We agree with the reviewer that literature data indicate weak strength of the chitosan-based materials. However, as can be seen in the figure S6, the prepared chitosan-based nanofibers have good integrity and can be easily manipulated, moreover, a mat of 10 mg sample was able to sustain a weight of 50 grams (manuscript updated with images in Supporting Information). Furthermore, they proved biodegradability, with a biodegradation rate depending on pH, which suggested that they should be completely biodegraded during the healing period of wounds. The text has been modified to highlight this.

  

Reviewer comment:

Comment 3:

Regarding the “on-demand” biodegradation, there is a work called active control of degradation, see the review paper “Control of Scaffold Degradation in Tissue Engineering: A Review. Tissue Engineering B”. The authors may want to comment on whether the active degradation control makes sense to their application. I feel that the current approach to “on demand” is passive and its accuracy may not meet the requirement.

Authors answer

We have read the indicated review paper.
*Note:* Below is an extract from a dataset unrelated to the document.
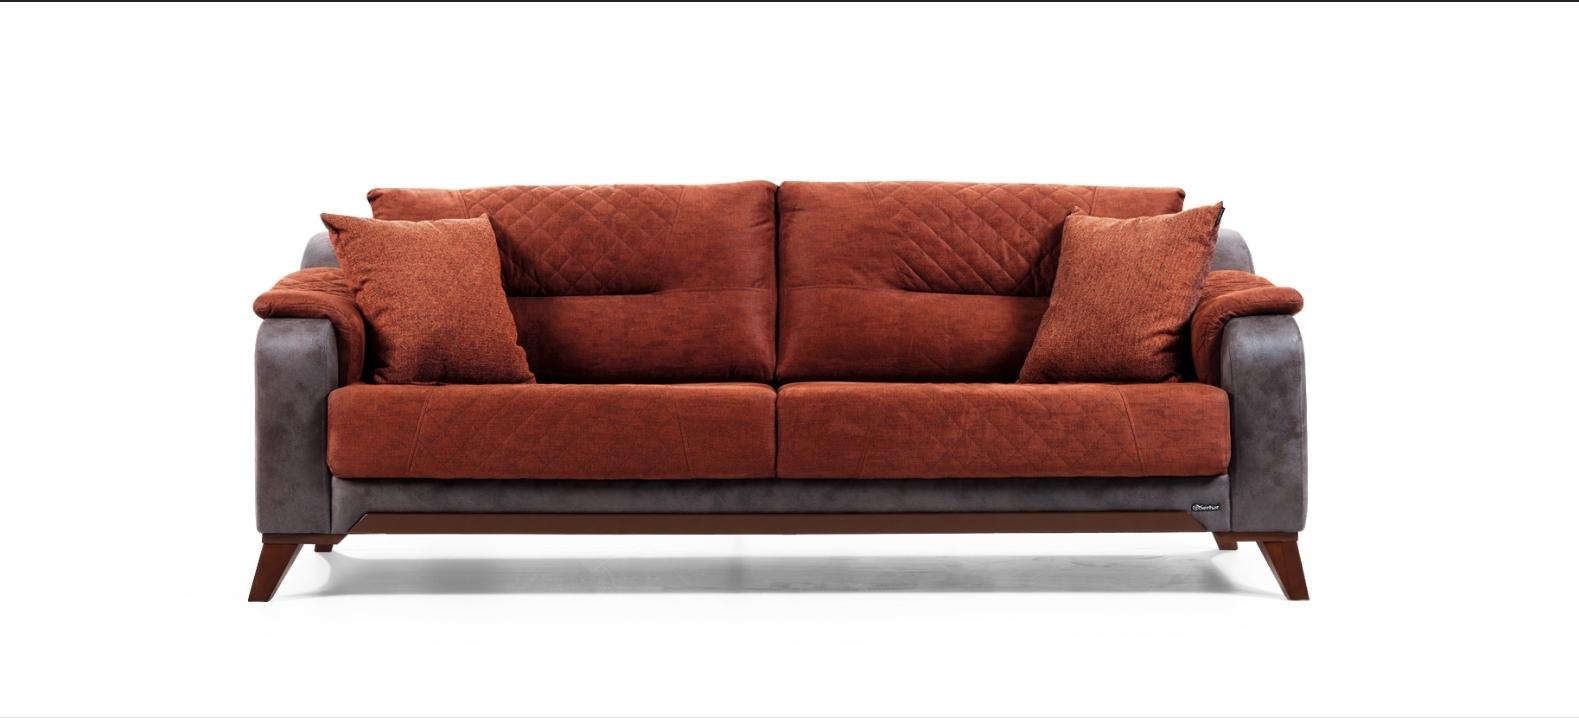 Canapea fixa tapitata 3 locuri Flamenko Caramiziu K2 l218xA96xH84 cm

The meaning of “on demand” in our paper is certainly different compared to that of “active degradation control”. In our paper we didn’t refer to the fact that the degradation rate is externally monitored, but to the fact that, the biodegradation rate of the prepared materials is controlled by the pH of the medium (i.e. exudate pH over the wound healing period). The aim of the paper was to design materials as bioabsorbable bandages for wound healing. The biodegradation study in media mimicking the wound exudate over the wound healing period indicates that the materials degradation is controlled by the wound pH. We didn’t find such a study of enzymatic degradation of chitosan in literature, even in the indicated review paper.     

 

Reviewer comment:

Comment 4:

There are some English writing errors, but they can be easily fixed. My main concern is the novelty and originality of the work.

Author answer:

Recently, we reviewed the findings in the chitosan-based nanofibers domain, published in the last 20 years (more than 200 articles, see the reference 16). Among these, we couldn’t find any paper dedicated to the preparation of microporous chitosan fibers for wound dressings, and not at all the idea of bonding an antimicrobial agent by reversible covalent bonds which favors the antimicrobial agent release by shifting the imination equilibrium to the reagents under the external stimuli (consumption). We think these are original approaches for wound healing materials. Besides, the design of these materials was confirmed by good findings: fast swelling, biodegradation rate controlled by pH of exudate reaching total biodegradation at the pH of dermis, antimicrobial properties and biosafety.

 

We want to thank to the reviewer for the constructive feed-back on our paper, which helped us to improve it for the readers benefit. The changes along the manuscript were highlighted in red letters.

Yours sincerely,

Luminita Marin

 

Author Response File: Author Response.docx

Round 2

Reviewer 1 Report

The authors improved the manuscript, however, I'm still not convinced with several explanations e.g. "on-demand" drug delivery. Nevertheless, it can be considered for publication.

Reviewer 3 Report

I am satisfied with the revision and rebuttal.